If what we’re really looking for as seed investors is resourceful, resilient people who can operate and lead a team to achieve their goals amidst a high degree of uncertainty and volatility, giving a tight pitch says very little about a person’s ability to do that. Instead, we should be looking for someone who can create their own path when there is no clear way forward, or be bold and decisive with limited information.
If what we as seed stage investors are looking for is jockeys worth betting on, isn’t there a better way to determine that than having an entrepreneur walk you through their incorrect assumptions and make believe financials?

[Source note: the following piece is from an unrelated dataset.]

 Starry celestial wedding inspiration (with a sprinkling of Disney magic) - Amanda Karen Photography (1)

They say the past is the best predictor of the future. What if, instead of focusing our diligence on the fundamentals of a business that will change umpteen times over the coming years, we asked entrepreneurs to tell their stories? What if we tailored the process to finding the best jockeys, knowing that we can train them to pitch to later stage investors as we go?

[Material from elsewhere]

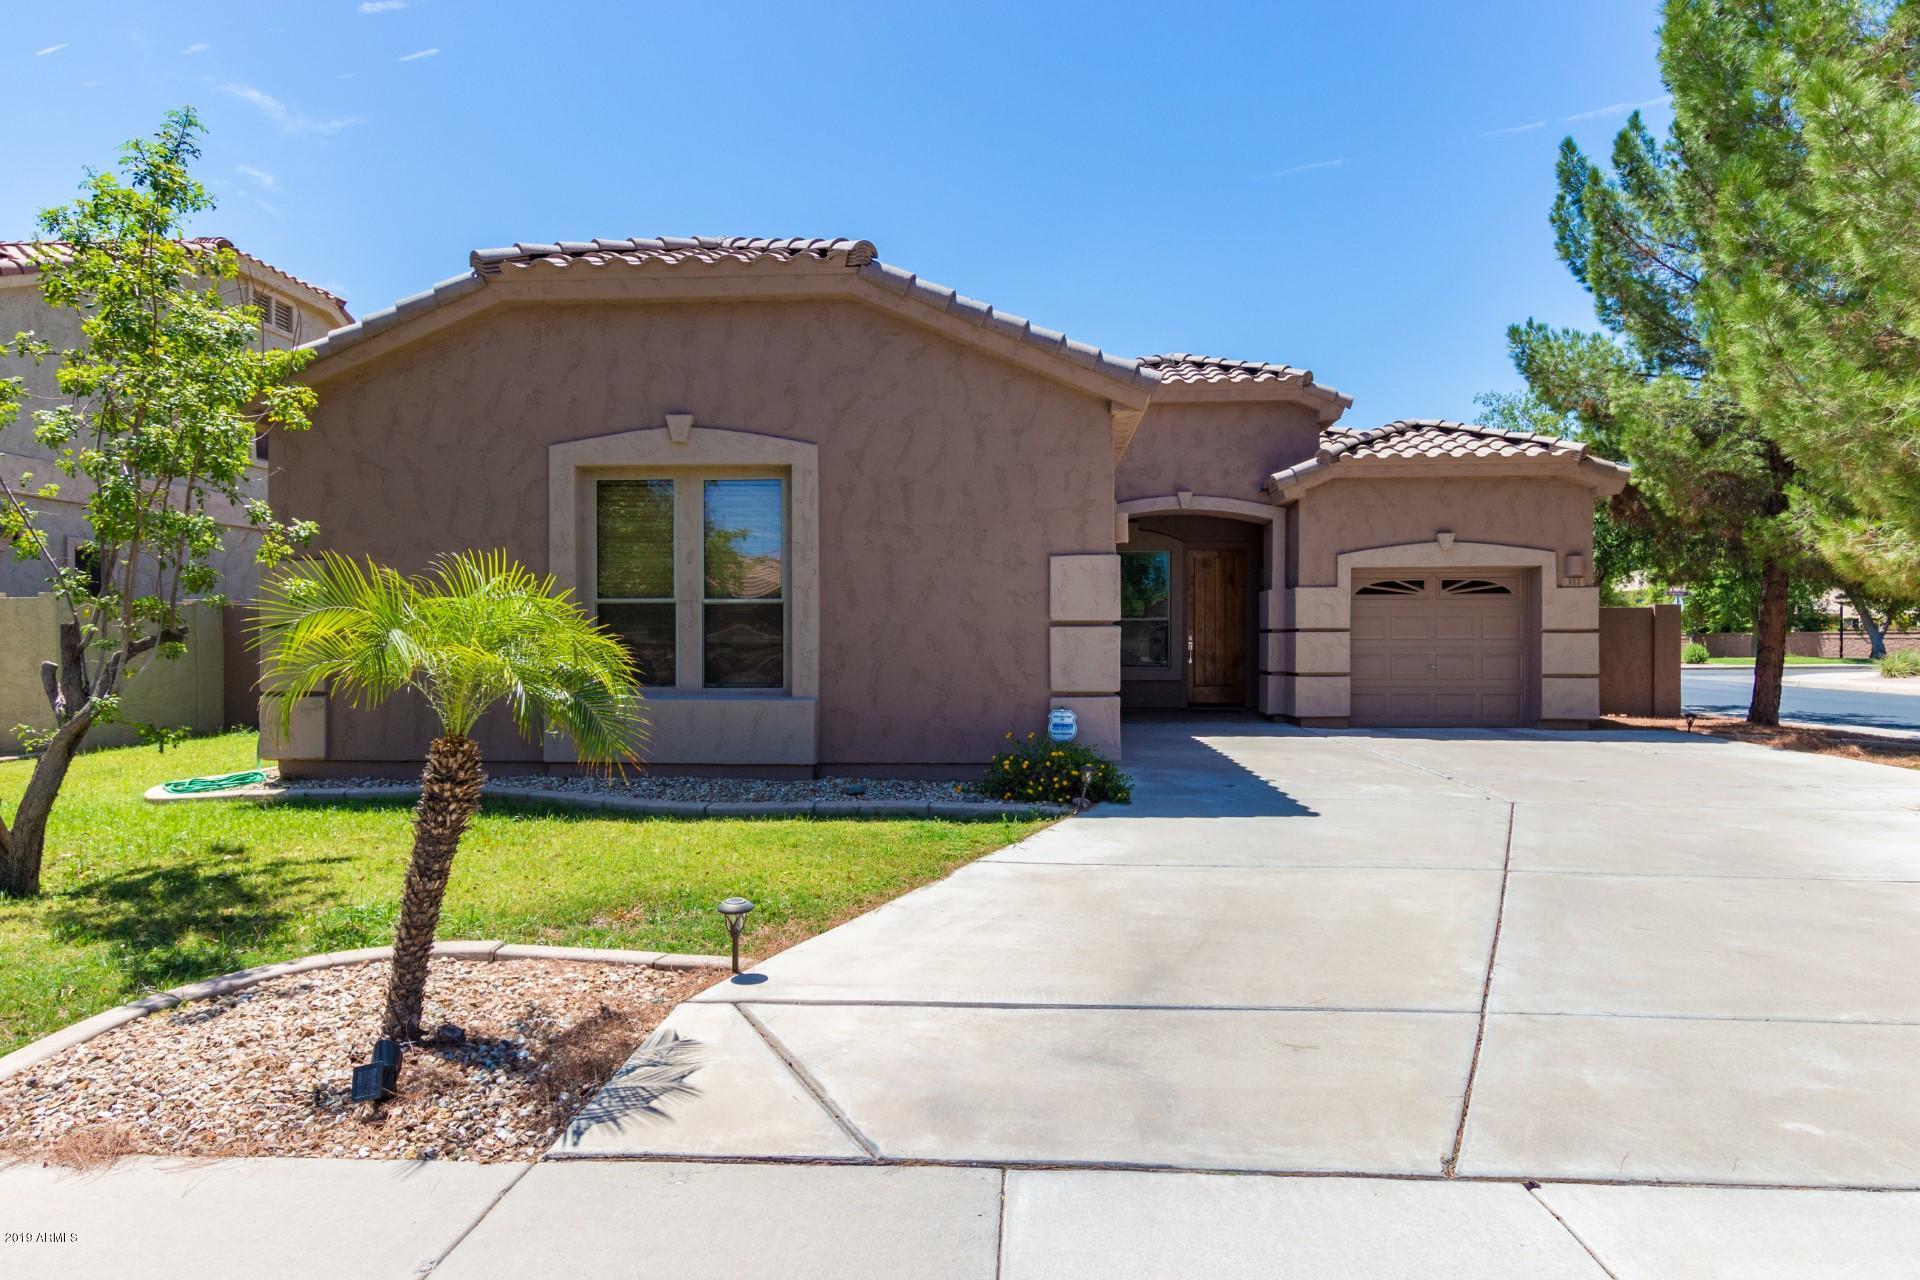 Photo of 311 W FLAMINGO Drive, Chandler, AZ 85286

What if we asked them to share what they’ve overcome to get to where they are, to demonstrate their resilience and resourcefulness? What if we asked them to explain how they’ve navigated uncertain environments, and shifted their approach to still accomplish their goals? The best entrepreneurs have stories like this from school, the military, previous companies, etc. Learning about how a person has navigated these environments in their past will tell us way more about their ability to do those same things than asking them to make up pretty-sounding shit.
If that sounds hard, it shouldn’t. As any professional recruiter will tell you, behavioral questions like these are already best practice in interviewing potential employees. In fact, when we hired over 200 salespeople at my last company, VNN, we trained our recruiters to NOT believe their pretty sounding bullshit, because it’s such a bad predictor of their success in a given role. Instead, we asked our recruiters to look backward at what the person had already done, to get a sense of how they’ll perform moving forward.

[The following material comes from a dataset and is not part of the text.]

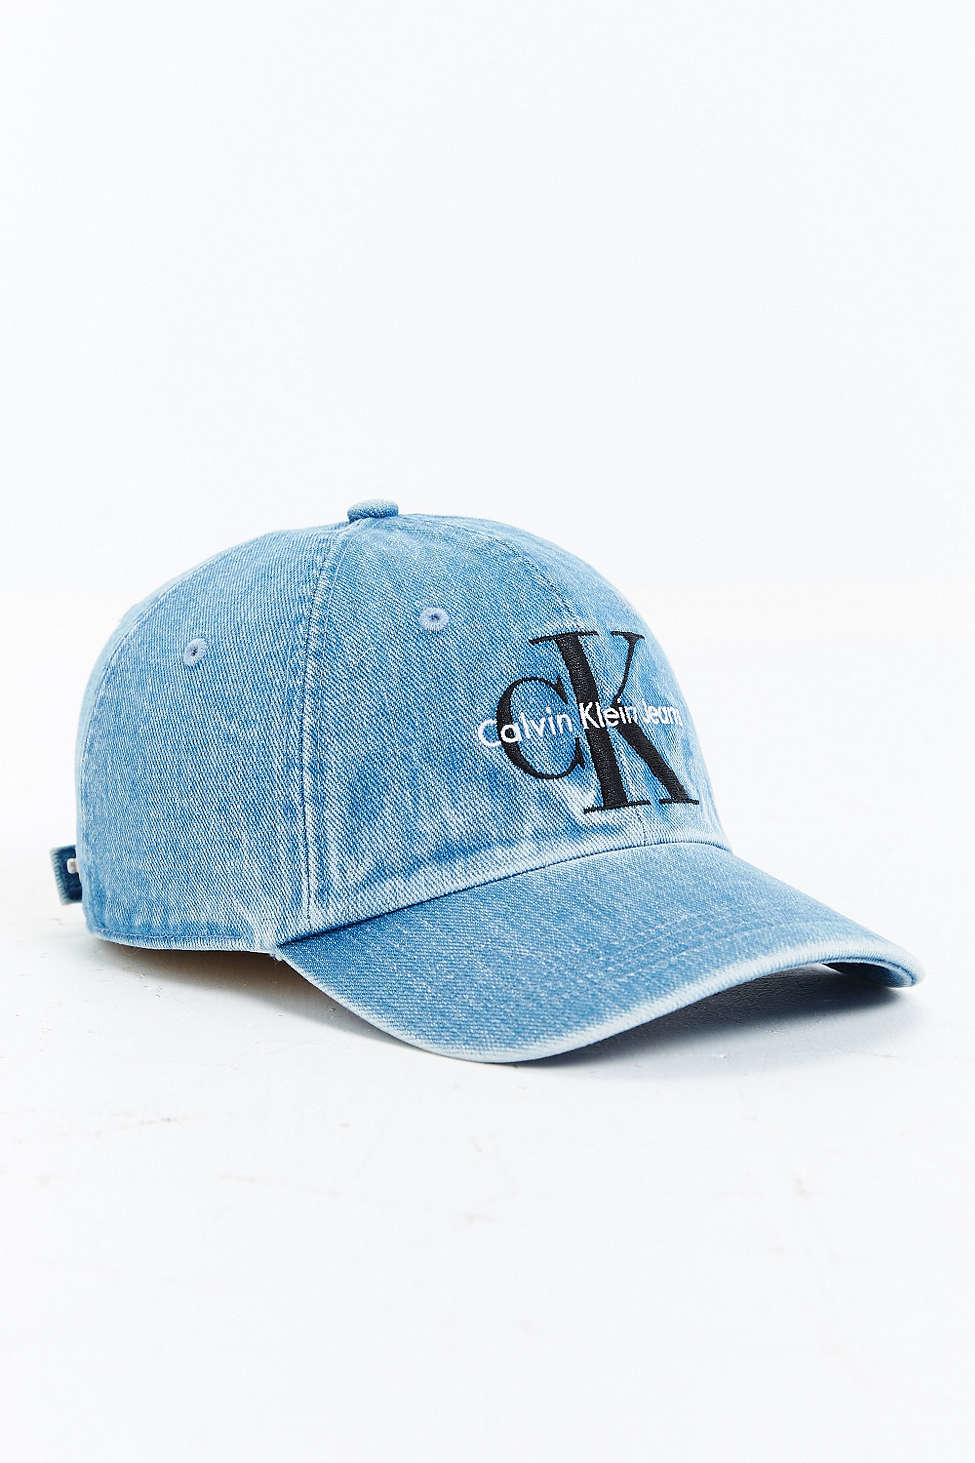 calvin klein baseball denim cap in blue for men lyst. Black Bedroom Furniture Sets. Home Design Ideas

If what we’re really looking for at the seed stage is good people, instead of asking a bunch of questions around financials and exit strategy, shouldn’t we design our vetting process around figuring out who it is, really, that is pitching us?
Another important angle
I didn’t mention this before, but my friend is also black, and accordingly is statistically nearly 50x less likely to raise VC than his white counterparts.
I wonder if the pitch process as currently constructed plays a role in this? If we award seed funding based on a person’s ability to perform a pitch in a very specific way, I wonder if that, just maybe, might bias funding toward those who have been around that type of pitching for years as a matter of course?
Might this play a role in why underrepresented founders stay underrepresented?
If we as investors really want to find people who will move mountains to make shit happen, wouldn’t it actually be best to bias toward those who have already moved mountains, in whatever format they talk about moving them? And if we’re being honest about the additional challenges minorities face to get to the same place, if we did bias toward those who have already moved mountains, wouldn’t we be funding far more Black and Brown founders?
I know many seed and angel investors, and can say confidently that they really do want to find the best founders. It’s not a matter of desire. It’s simply that asking seed entrepreneurs to pitch their business in detail is a lazy and ineffective way to do that.
Seed investors, there’s a huge opportunity here to find overlooked, amazing founders. Change your pitch process. Stop looking for the founders who can most closely match the best practice pitch patterns like school teachers giving high marks for compliance. Start looking for the people who have already proven their ability to overcome.
It’s not complicated. Just ask them their stories.